Estimativa de leitura: 11min 56seg

31 de janeiro de 2025

A história da dublagem une culturas e torna a comunicação mais acessível entre diferentes nacionalidades, permitindo uma conexão mais profunda por meio da arte. 

A história da dublagem começa através do cinema e da televisão, que são muito influentes na nossa sociedade, tendo um papel importantíssimo na nossa comunicação e educação. É pelo consumo de filmes, por exemplo, que temos conhecimento sobre costumes, crenças e realidades presentes em outras culturas. 

Neste campo, a dublagem surge como uma solução para a apreciação de entretenimento e arte de outros países, sem a necessidade de o espectador conhecer o idioma original, se tornando uma ferramenta de democratização da comunicação.  

O primeiro filme dublado no Brasil foi “Branca de Neve e os Sete Anões”, da Disney, em 1938, pelos cantores Dalva de Oliveira e Carlos Galhardo. Antes disso, os filmes eram legendados, possibilitando que apenas pessoas alfabetizadas pudessem assisti-los. Quebrar essa barreira linguística foi um grande avanço para a nossa comunicação, deixando a cena audiovisual e artística mais inclusiva e acessível. 

Na história da dublagem, a técnica brasileira é muito reconhecida e valorizada por sua qualidade. No Brasil, para ser dublador é preciso ser também ator, pois a dublagem é uma forma de atuação que utiliza apenas a voz. É necessário ter entonação, emoção e uma boa dicção para transmitir a mensagem de forma correta.  

Democratizando a comunicação por meio da dublagem, rompendo com a barreira linguística  

Ao assistir a filmes e séries dublados, conseguimos nos identificar mais facilmente com personagens e histórias, independentemente de sua origem cultural. A dublagem cria uma ponte emocional, permitindo que as diferentes nacionalidades se conectem a mensagens universais e valores compartilhados. Além disso, ela pode ser uma ferramenta educacional poderosa, especialmente para crianças no aprendizado de idiomas. Assistir a conteúdos dublados pode facilitar o processo de familiarização com diferentes línguas, tornando o aprendizado mais divertido e acessível.  

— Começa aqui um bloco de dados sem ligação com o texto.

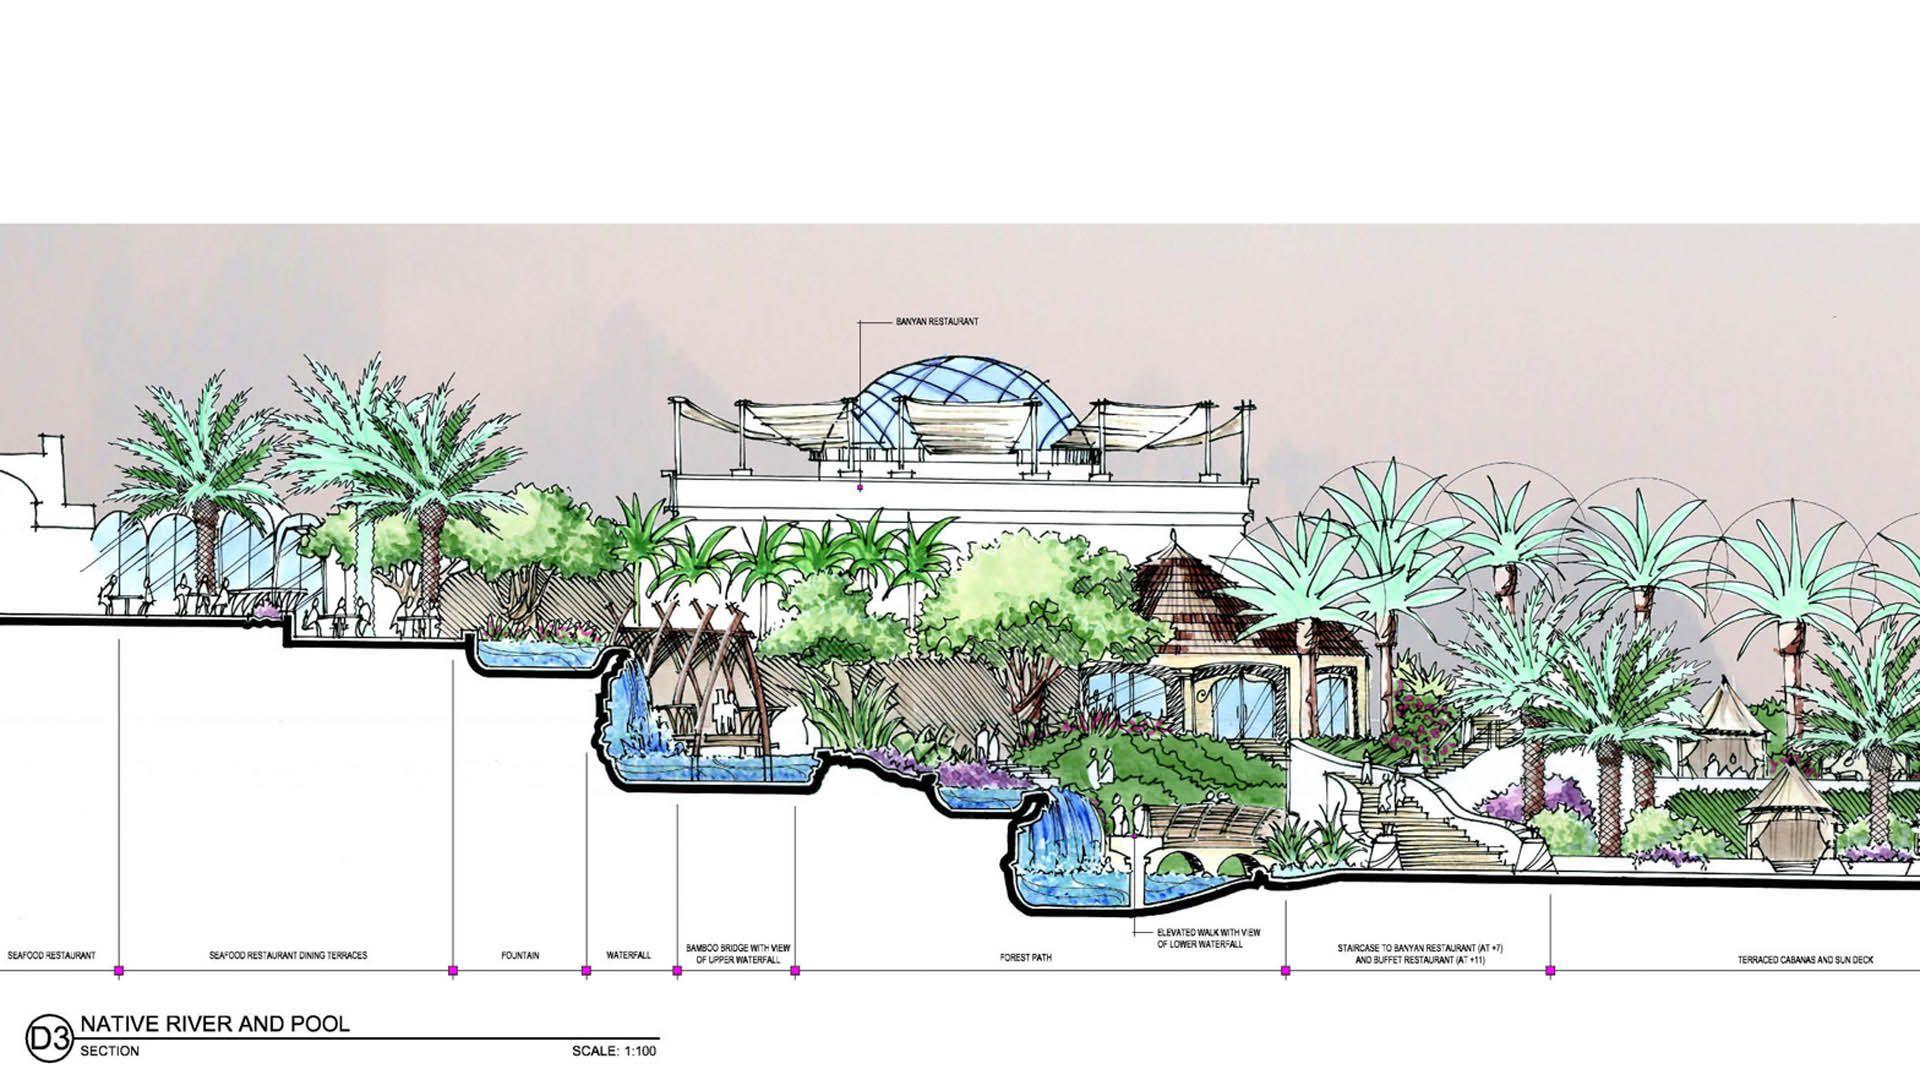 Resort Elevation Plan : Dinning room sectional elevation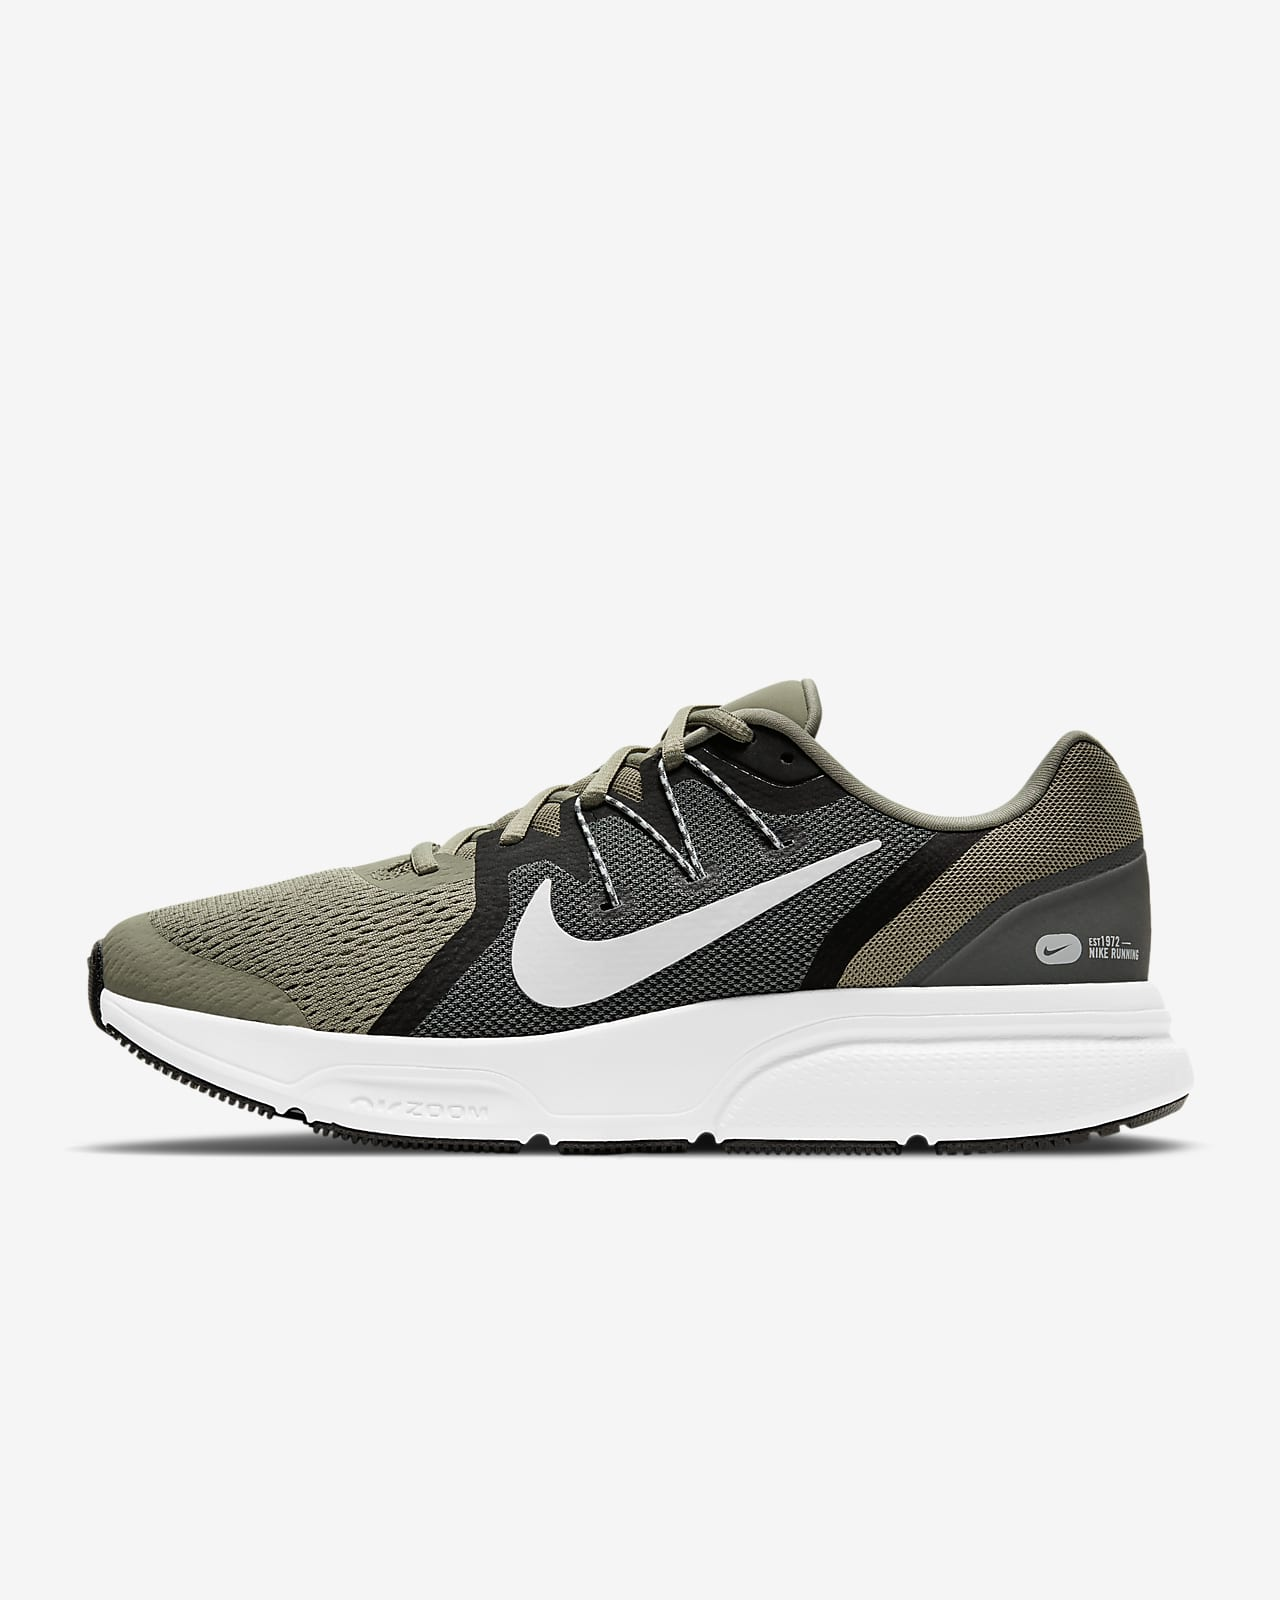 Nike Zoom Span 3 Men's Road Running Shoes

No ambiente escolar, a dublagem é uma ferramenta poderosa para a promoção do aprendizado intercultural e para o acesso a informações valiosas, como documentários e conteúdos educativos. Ao traduzir e adaptar o áudio original para diferentes idiomas, a dublagem torna possível que estudantes ao redor do mundo consumam desde documentários sobre Ciências e História até programas educativos.  

Isso também facilita o ensino para os educadores, que podem utilizar conteúdos audiovisuais atemporais, oferecendo uma abordagem diferente e compartilhando seus conhecimentos de forma lúdica. Quantos de nós não adorávamos a sala de TV? Eu amava! Inclusive, muitos dos filmes que gosto hoje conheci durante o Ensino Fundamental e Médio, por exemplo. A dublagem torna o processo de aprendizado mais envolvente, interativo e culturalmente enriquecedor. 

O reconhecimento dos dubladores na maior convenção geek do mundo 

Encontro de dubladores no Palco Creator na CCXP 23 – Foto: Bárbara Barbero

Estive na Comic Con Experience (CCXP) dia 30/11, no primeiro dia da convenção, e tive o privilégio de assistir a alguns dubladores contando um pouco da sua carreira no encontrinho de dubladores que aconteceu no Palco Creators. O encontro recebeu a dubladora Bianca Alencar que também é influenciadora digital e ganhou espaço na internet mostrando sua rotina como dubladora e atriz. 

Dentre seus trabalhos estão Lola Soner, do desenho infantil Charlie e Lola; Mabel Pines de Gravity Falls; Twilight Sparkle de My Little Poney e muitos outros que você pode conferir aqui. 

Apesar de breve, Bianca falou um pouco sobre como seus conteúdos na internet possibilitaram que mais pessoas conhecessem o seu trabalho e também a carreira na dublagem, despertando interesse em jovens que sequer sabiam que a dublagem no Brasil é uma carreira sólida e reconhecida. Depois de conversar um pouco sobre seu trabalho, ela demonstrou algumas das vozes que faz, e acredite, com certeza você já ouviu a voz dela por aí! Eu mesma assistia muito Charlie e Lola, e é muito nostálgico ouvir a voz da personagem novamente, principalmente vindo de quem a faz! 

Mais do que uma paixão, uma carreira sólida! 

Antes de se solidificar como uma carreira, a dublagem emerge como uma paixão. Muitos dubladores, inclusive, se divertem nas imitações brincando com diferentes tons de voz, até perceberem que esse hobby pode se tornar uma carreira sólida e seu sustento. 

Conversei com alguns dubladores sobre essa paixão e sobre as dificuldades dessa carreira, e você pode conferir um pouco dessa conversa abaixo: 

“Na minha juventude, eu recebia elogios por conta da minha voz grave, todos diziam que eu poderia ser locutor. Então comecei a pesquisar profissões relacionadas com a voz e eu me identifiquei com a dublagem. Nessa pesquisa, descobri que pra ser dublador é obrigatório ser ator profissional, ou seja, eu estudaria pra ter duas profissões, a de ator e a de dublador. 

Hoje, eu trabalho com essas duas profissões, mas a dublagem é a principal.”, disse o Alê Imperador, que é ator e dublador, e tem no seu portfólio artístico animes como “Hunter X Hunter”, disponível na Netflix.  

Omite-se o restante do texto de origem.